Give a few examples of real gases.

Examples of non-ideal gases are- Oxygen, Carbon dioxide, Water, Helium, etc.

What makes a gas non-ideal?

A gas’s behaviour is frequently non-ideal, which means that the observed relationships between pressure, volume, and temperature are not accurately described by the gas laws.

Is CO2 an ideal gas?

No, carbon dioxide is not an ideal gas because it contains attractive and repulsive forces between particles, gas particles have volume, and collisions are not elastic.

When does a real gas starts behaving like an ideal gas?

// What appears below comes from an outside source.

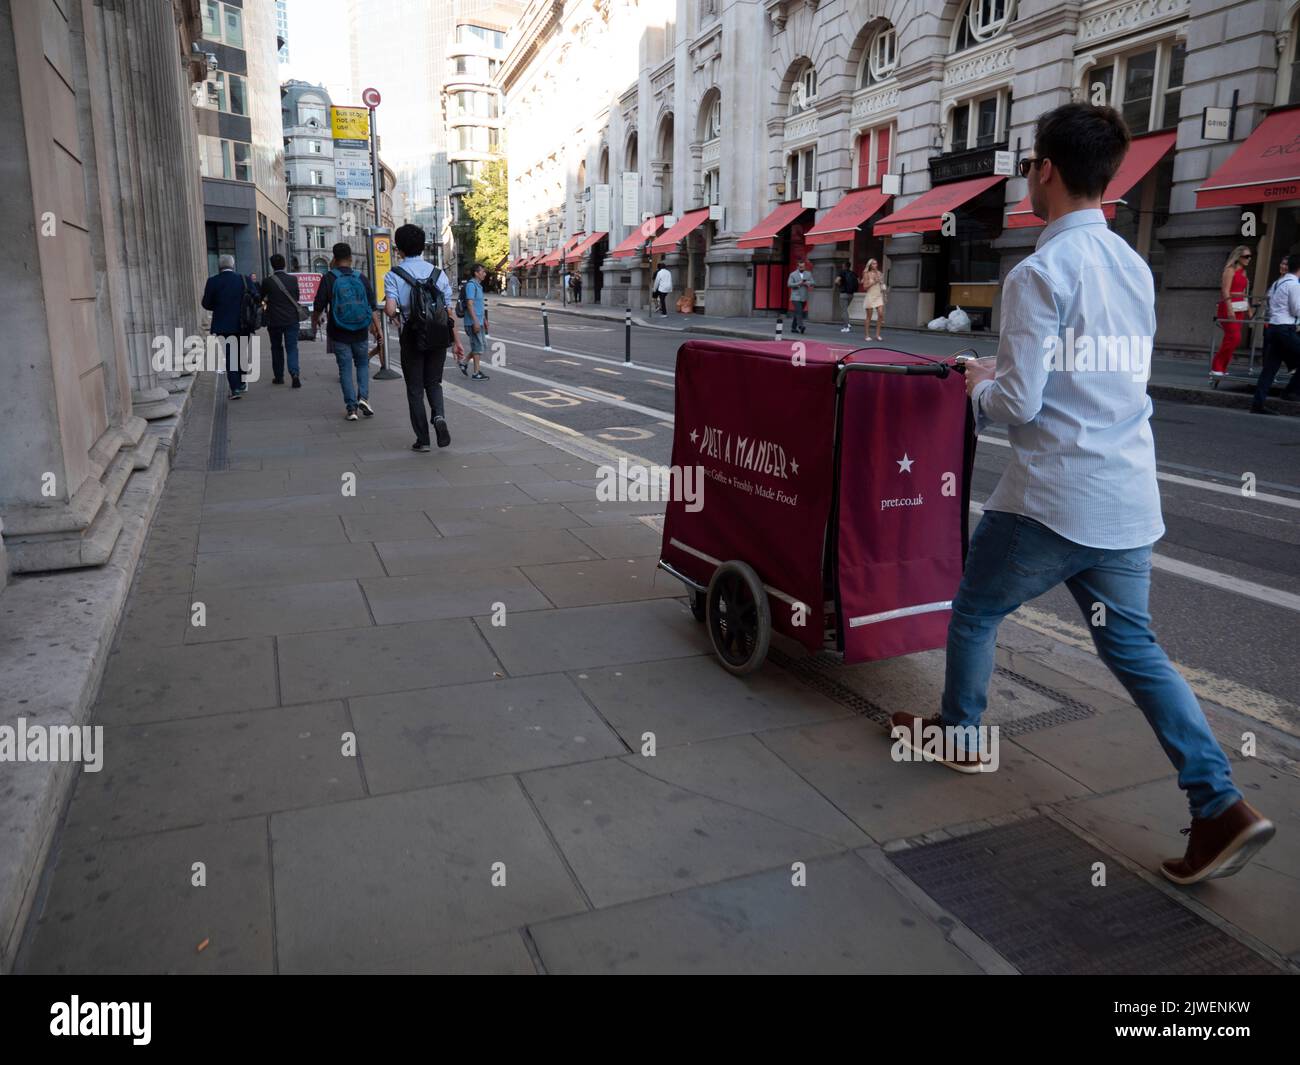 City of London UK. Pret a Manger delivery push cart operator walking past The Bank of England, Threadneedle Street, London Stock Photo

A real gas behaves like an ideal gas at high temperatures and low pressures, as the potential energy due to intermolecular forces decrease in comparison to the kinetic energy of the particles, and the size of the molecules decreases in contrast to the empty space between them.

Give the difference between ideal and non-ideal gases.

The distinction between ideal and non-ideal gases are-

1. Ideal gases have no definite volume, whereas non-ideal gases do.

2. An ideal gas has no mass, whereas a non-ideal gas does.

3. The collision of ideal gas particles is elastic, whereas the collision of non-ideal gas particles is inelastic.

4. There is no energy involved in colliding particles in an ideal gas. Particle collisions in a non-ideal gas attract energy.

5. The pressure in an ideal gas is higher than in non-ideal gas.